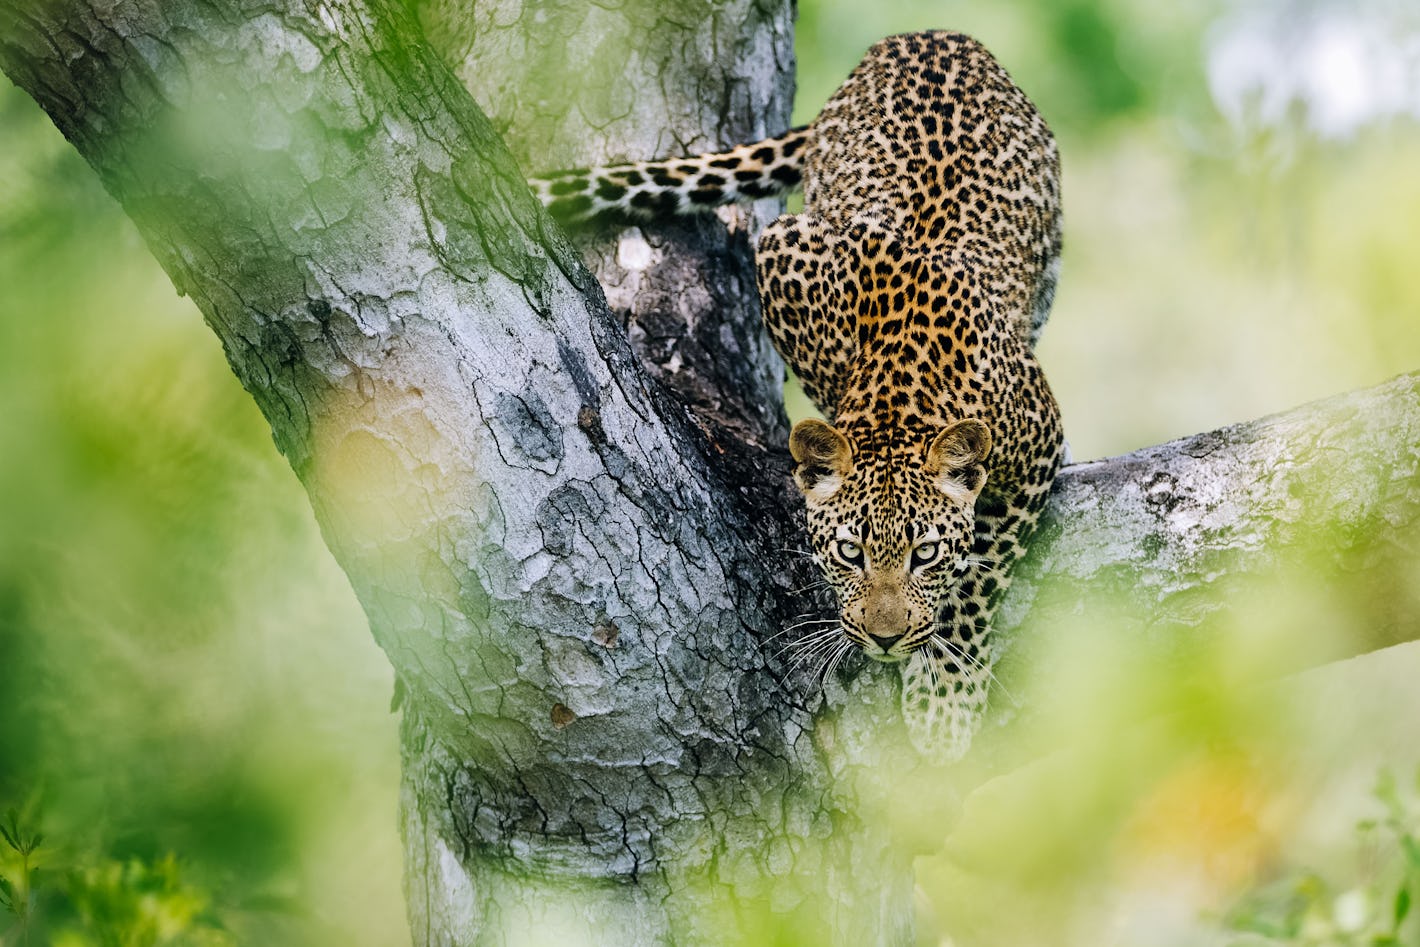 Search for Krugers's elusive leopards | Timbuktu Travel
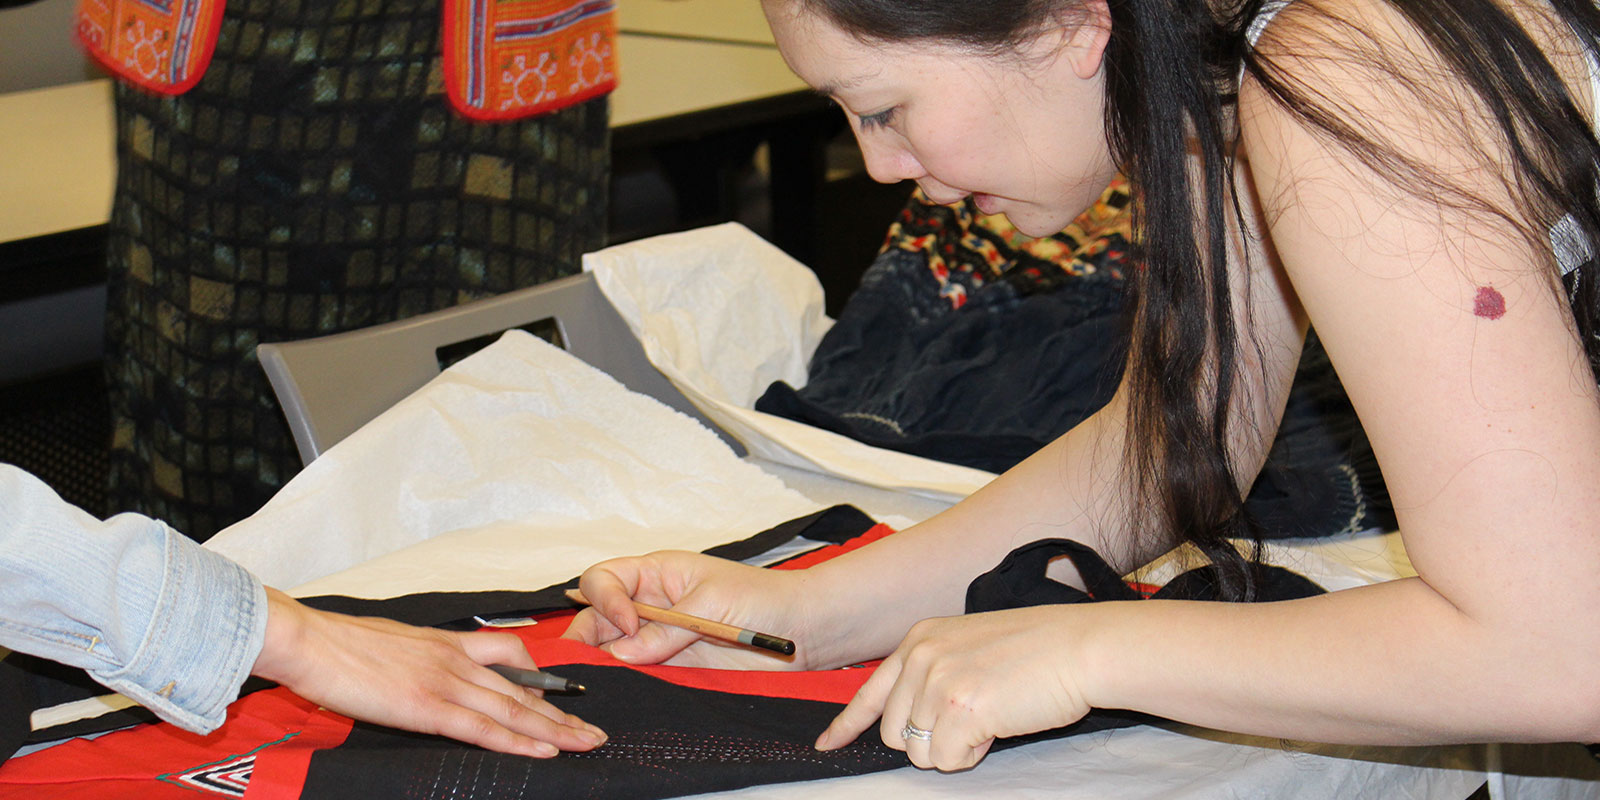 a woman holds a pencil while touching a hmong textile and examining its details
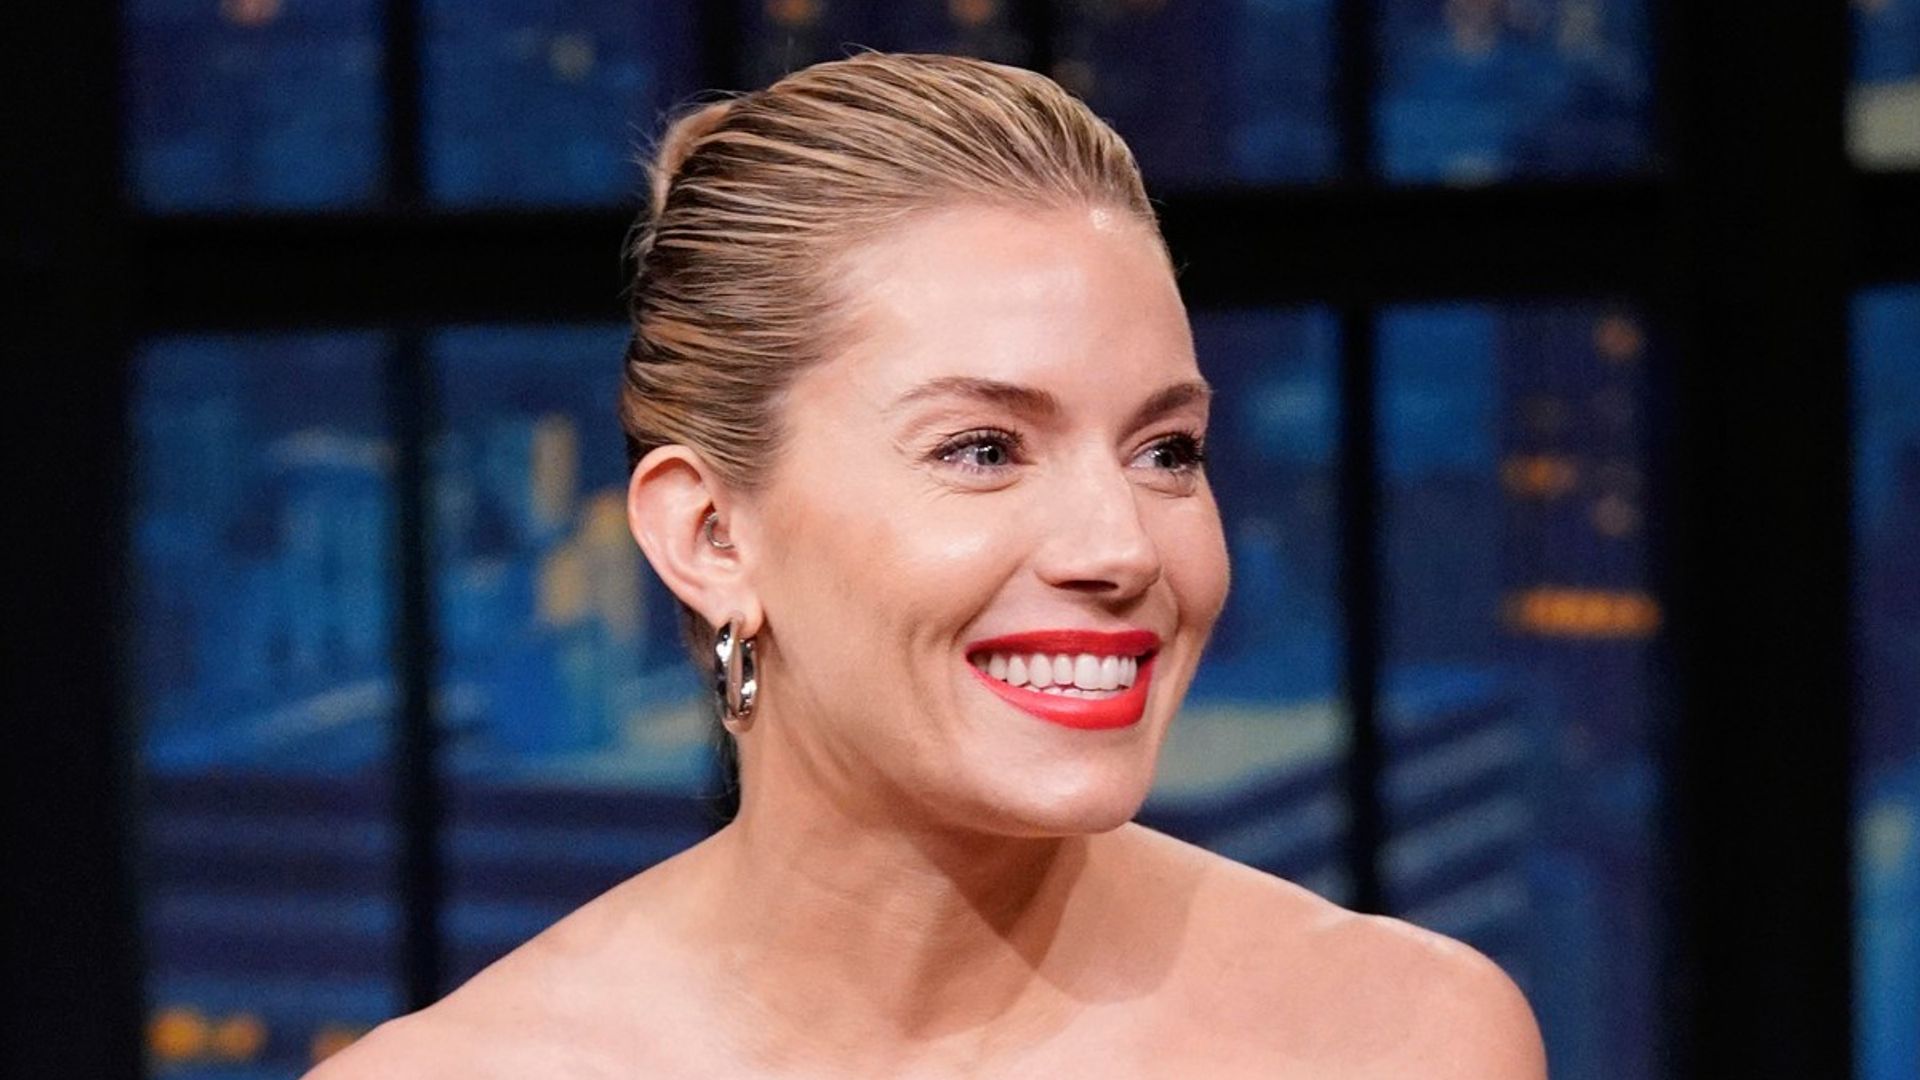 Sienna Miller wows in stunning figure-hugging dress during appearance on  Seth Meyers
┄┄┄┄┄┄
Starting at the line that contains "a woman holds", please write out each line through the last line of the data, both ends included, and keep pictures out of the copy.

=== RESPONSE TO THIS EXERCISE ===
 a woman holds a pencil while touching a hmong textile and examining its details
 Sienna Miller wows in stunning figure-hugging dress during appearance on  Seth Meyers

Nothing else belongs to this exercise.